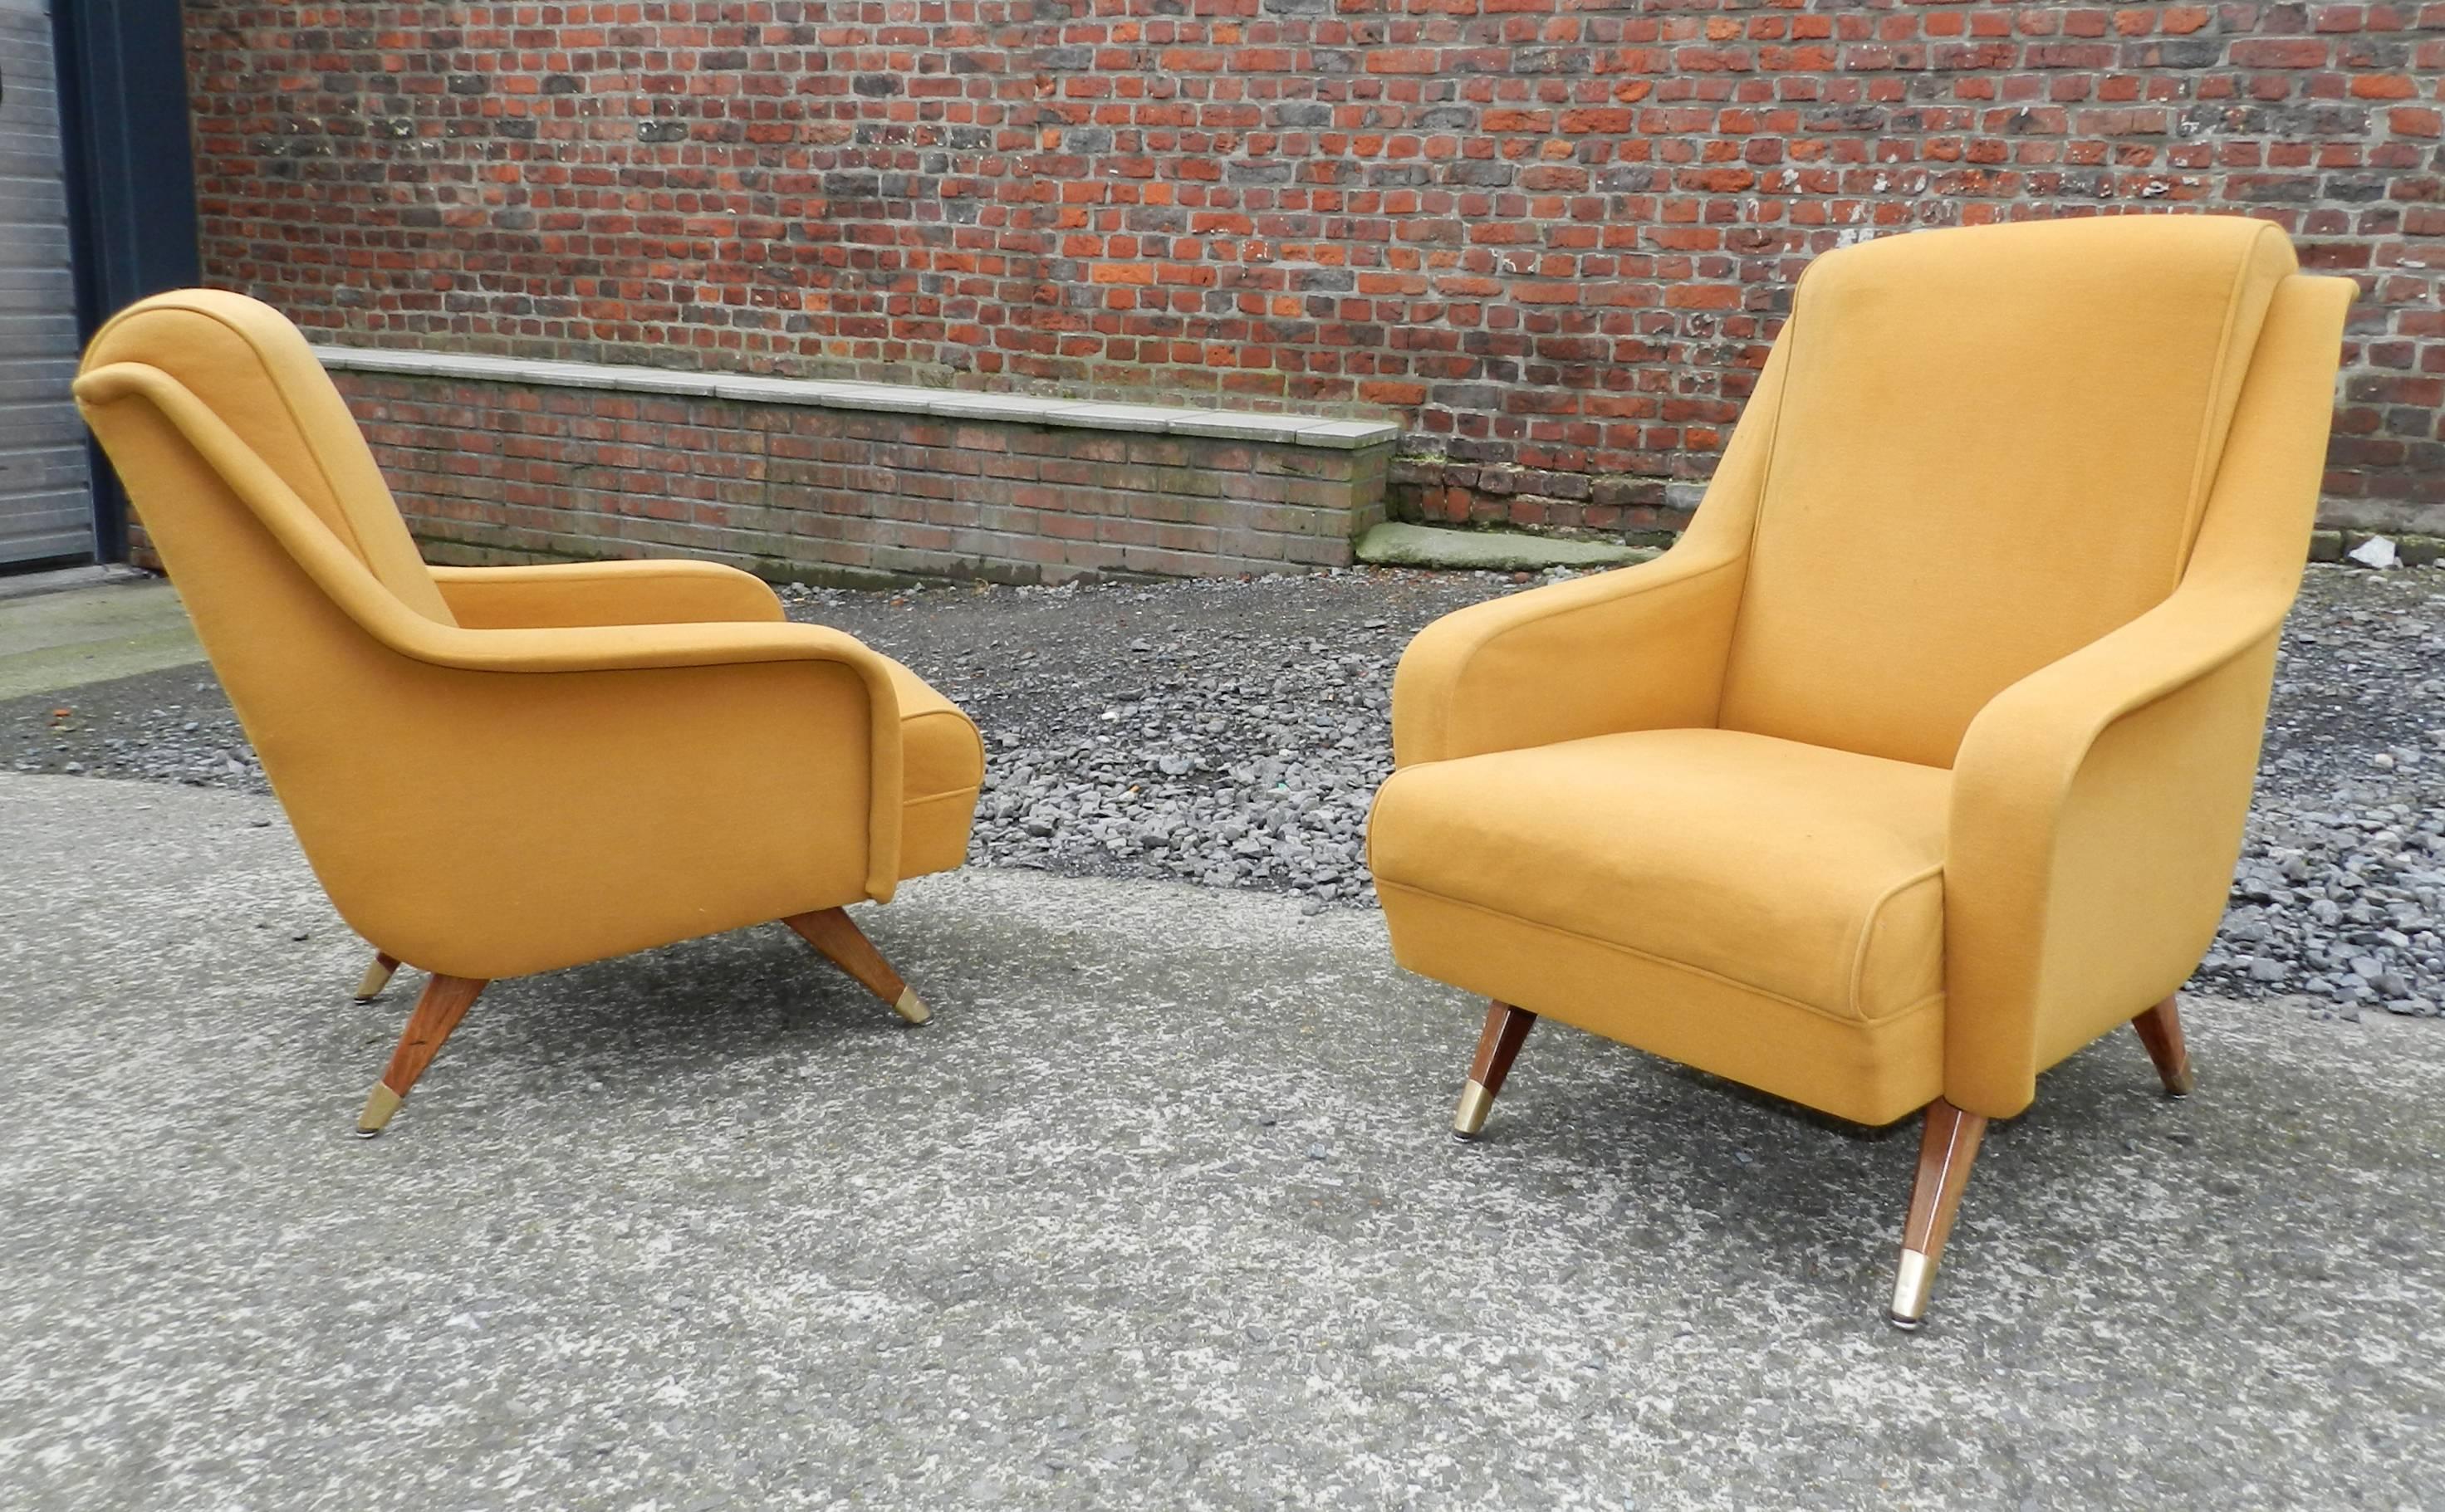 ERTON , Pair of vintage armchairs, circa 1950.
Fully original.
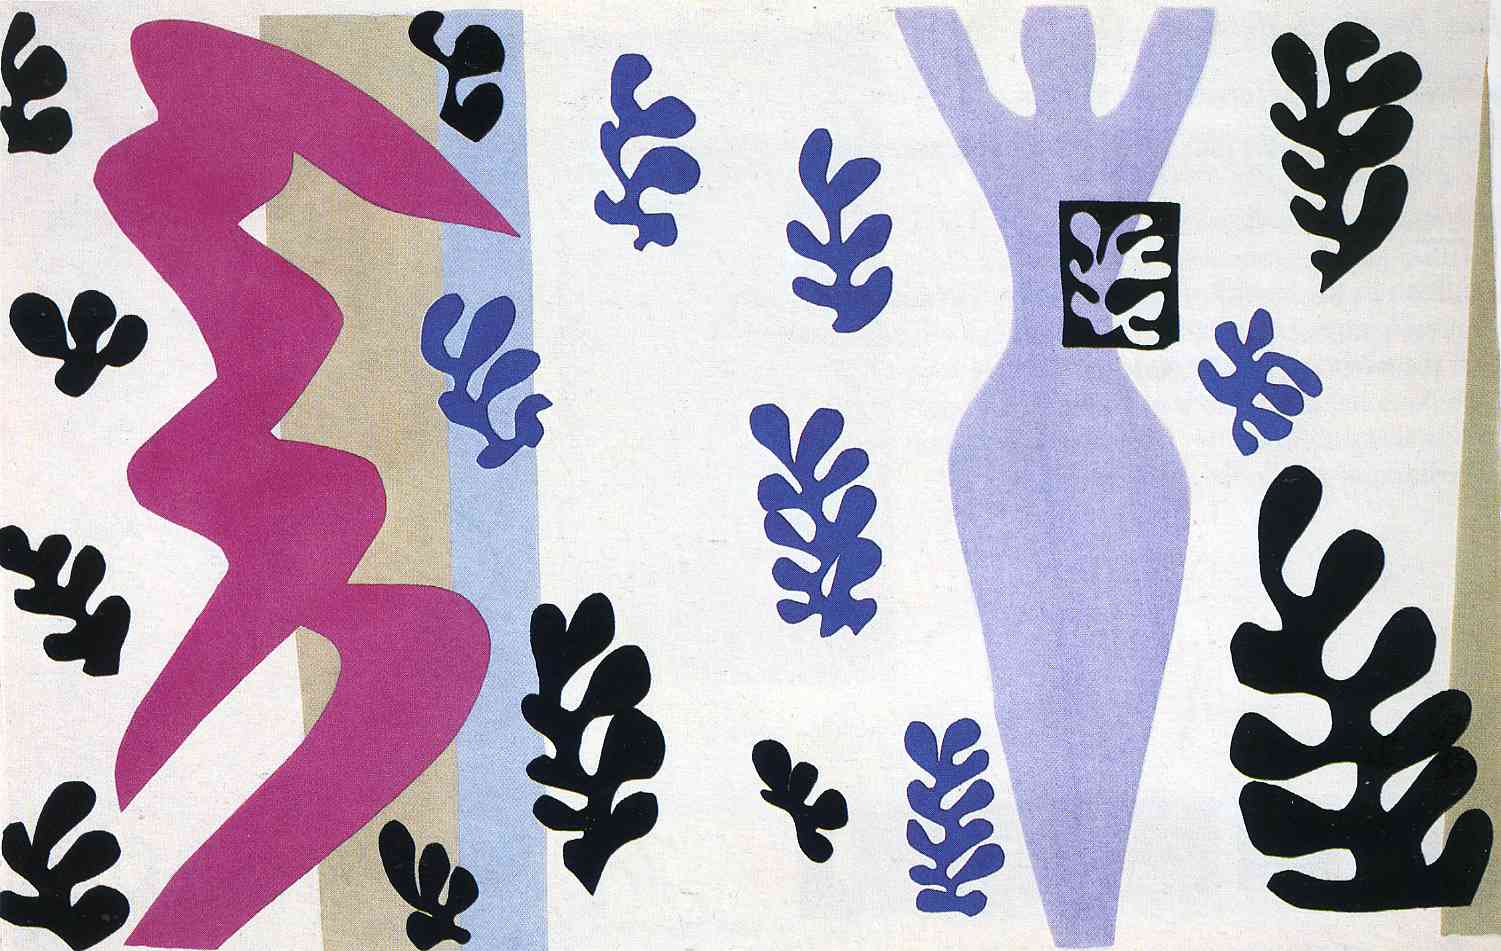 Henri Matisse - The Knife Thrower 1947

TASK STATEMENT
Repeat the data above in full and exactly. Omit every image.

THE ANSWER
 ERTON , Pair of vintage armchairs, circa 1950.
Fully original.
 Henri Matisse - The Knife Thrower 1947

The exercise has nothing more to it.